Yo personalmente, como ya he explicado otras veces, no uso herramientas generativas en mis imágenes; es más, por coherencia, incluso he dado marcha atrás y he dejado de practicar intervenciones que antes me parecían más fáciles de defender. Porque lo que antes era un terreno escarpado, por el que costaba avanzar, se ha convertido en una pendiente muy resbaladiza en la que es muy fácil deslizarse: si das un paso en esa dirección, ya no hay razón para detenerse. O al menos cuesta más encontrarla, porque todo es posible con poco esfuerzo. Lo cual no necesariamente significa falta de criterio, de creatividad o de valor, pero sí implica que esa especie de mecanismo autorregulador que antes se producía espontáneamente por la dificultad de los procesos, ya no existe, y eso nos enfrenta a decisiones que antes no teníamos que tomar. Y decidir es incómodo.

Otro aspecto que no se puede ignorar es que hagamos lo que hagamos a título personal, en nuestro entorno y en la sociedad en general pueden cambiar expectativas de clientes, costes de producción, el perfil exigido para determinados puestos de trabajo, el valor que concedemos a algunas habilidades e incluso nuestra confianza ante una imagen que vemos. Así que cada vez se queda más corto decir que «la IA es simplemente una herramienta más». Técnicamente lo es, pero cada día está siendo menos una herramienta al servicio de un oficio, y más una fuerza que redefine ese oficio o inventa otros nuevos.

En definitiva

Por eso yo no veo necesario escoger entre dos extremos: ni pensar que toda incorporación de IA supone el fin de la fotografía, ni tratarla como algo asimilable a lo que ya conocíamos y que, por tanto, no cambia nada esencial.
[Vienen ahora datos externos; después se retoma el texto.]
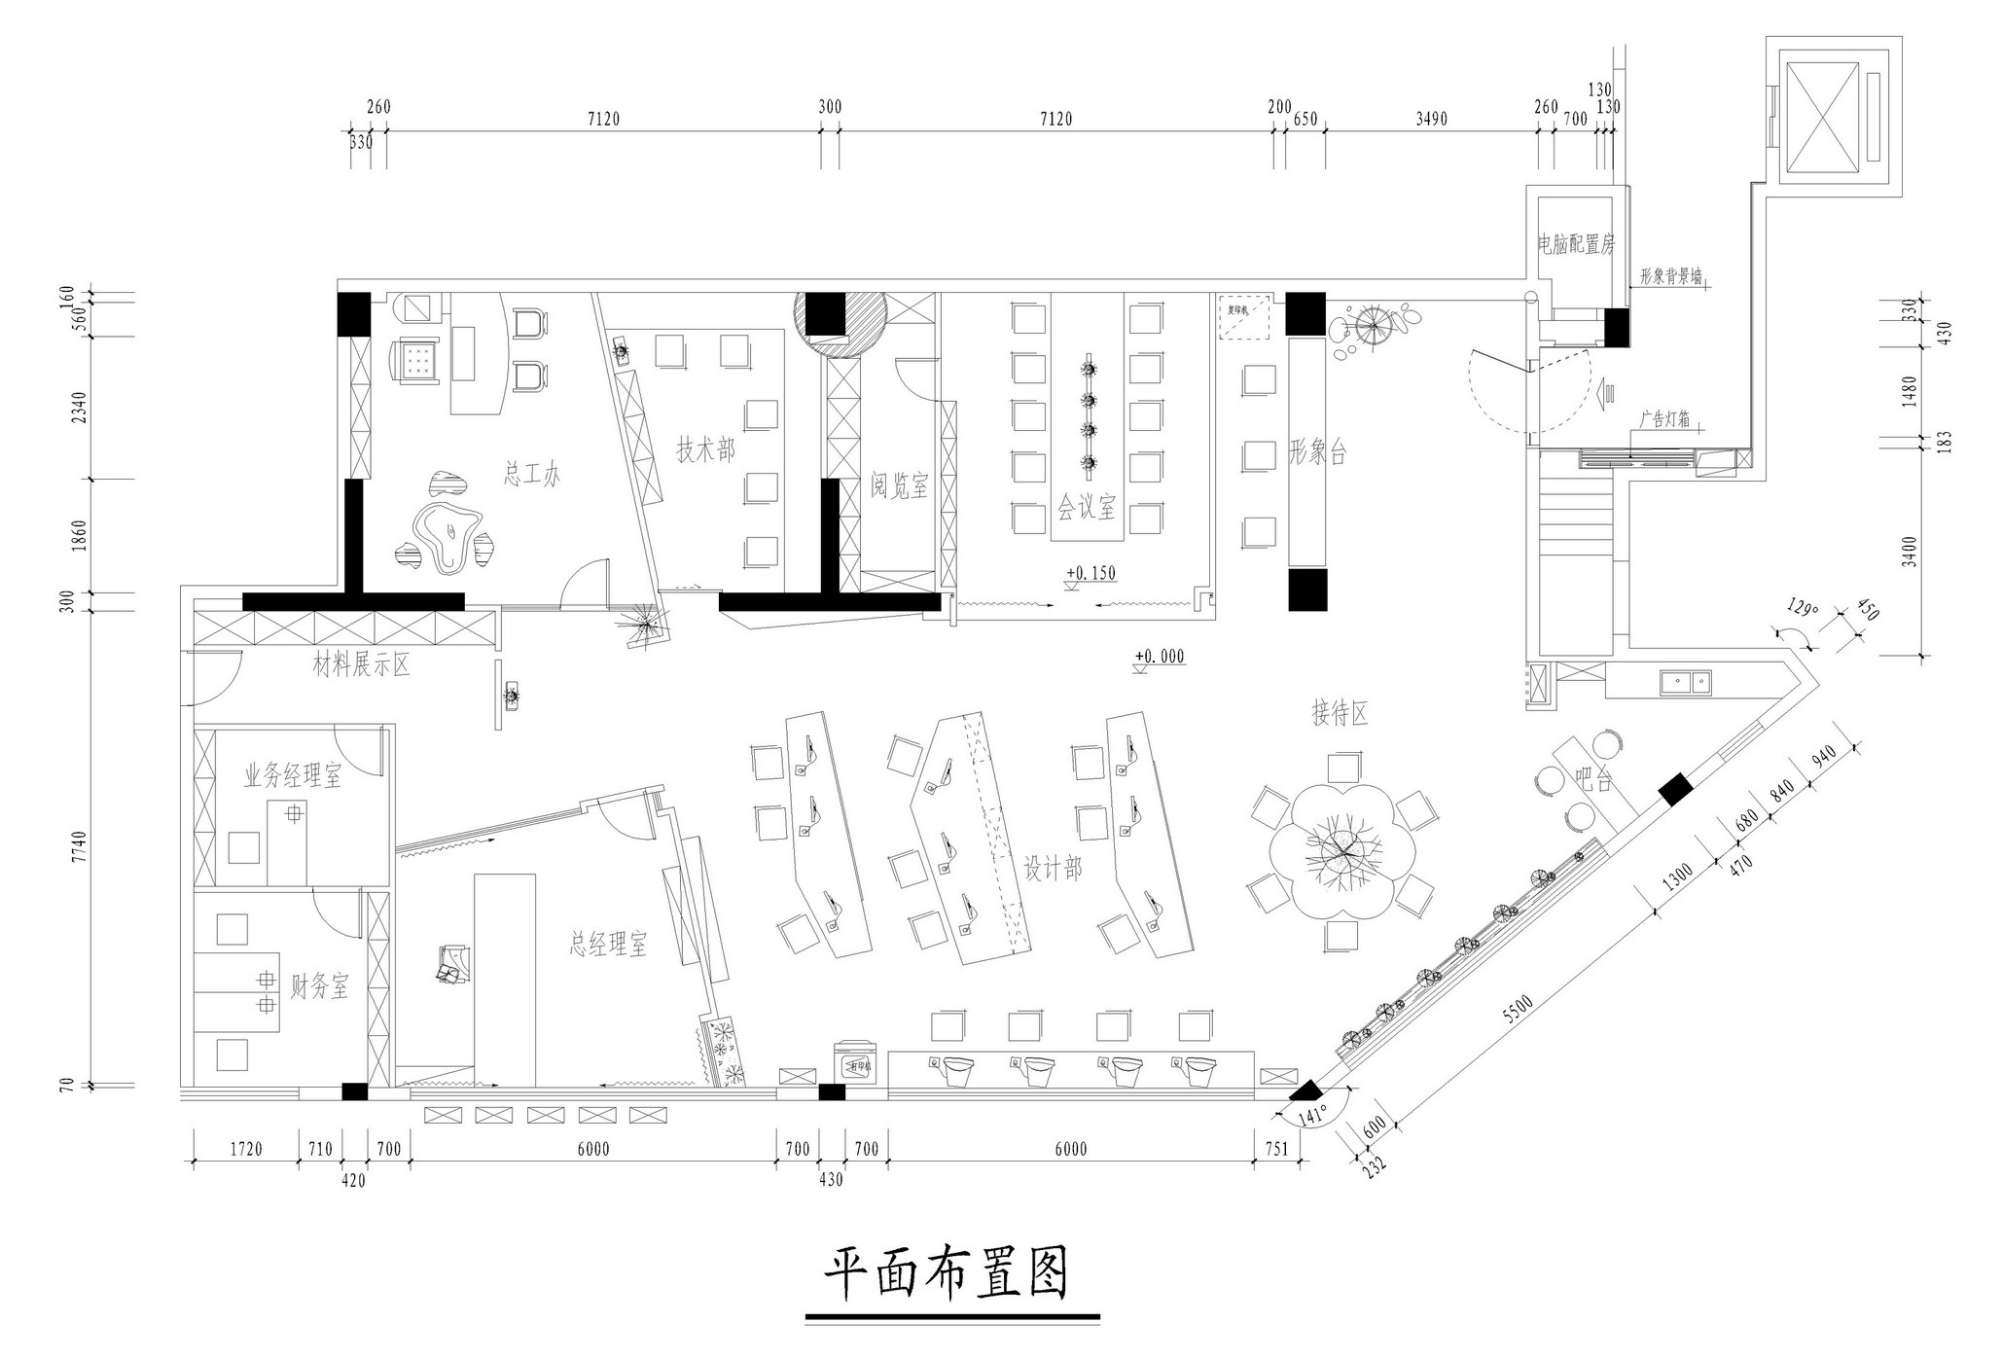 龙岗区本地专业办公室装修设计价格 欢迎咨询 深圳市大良岗建设集团供应

Podemos seguir fotografiando precisamente porque nos importa haber estado allí, porque queremos documentar algo real o porque disfrutamos del propio acto de mirar y fotografiar. Y podemos utilizar herramientas generativas cuando nuestra finalidad sea crear una imagen y su relación estricta con una escena real no sea relevante.

Existirán zonas intermedias mucho más difíciles de definir, por supuesto. Hubo zonas grises antes y las habrá ahora, de ahí, como dije antes, la importancia de desarrollar un criterio y decidir qué quieres hacer, qué te importa realmente, o qué te compensa si te mueves en el campo profesional y debes atender al puro coste/beneficio económico: quizá esto, siendo más frío, tenga una respuesta más fácil que lo anterior.

Eso sí, sea cual sea tu situación, no va a ser fácil, porque por más beneficios que aporte la IA, también está creando y creará situaciones complejas, desconcertantes. Incómodas. Y esta, sin duda, es una de ellas.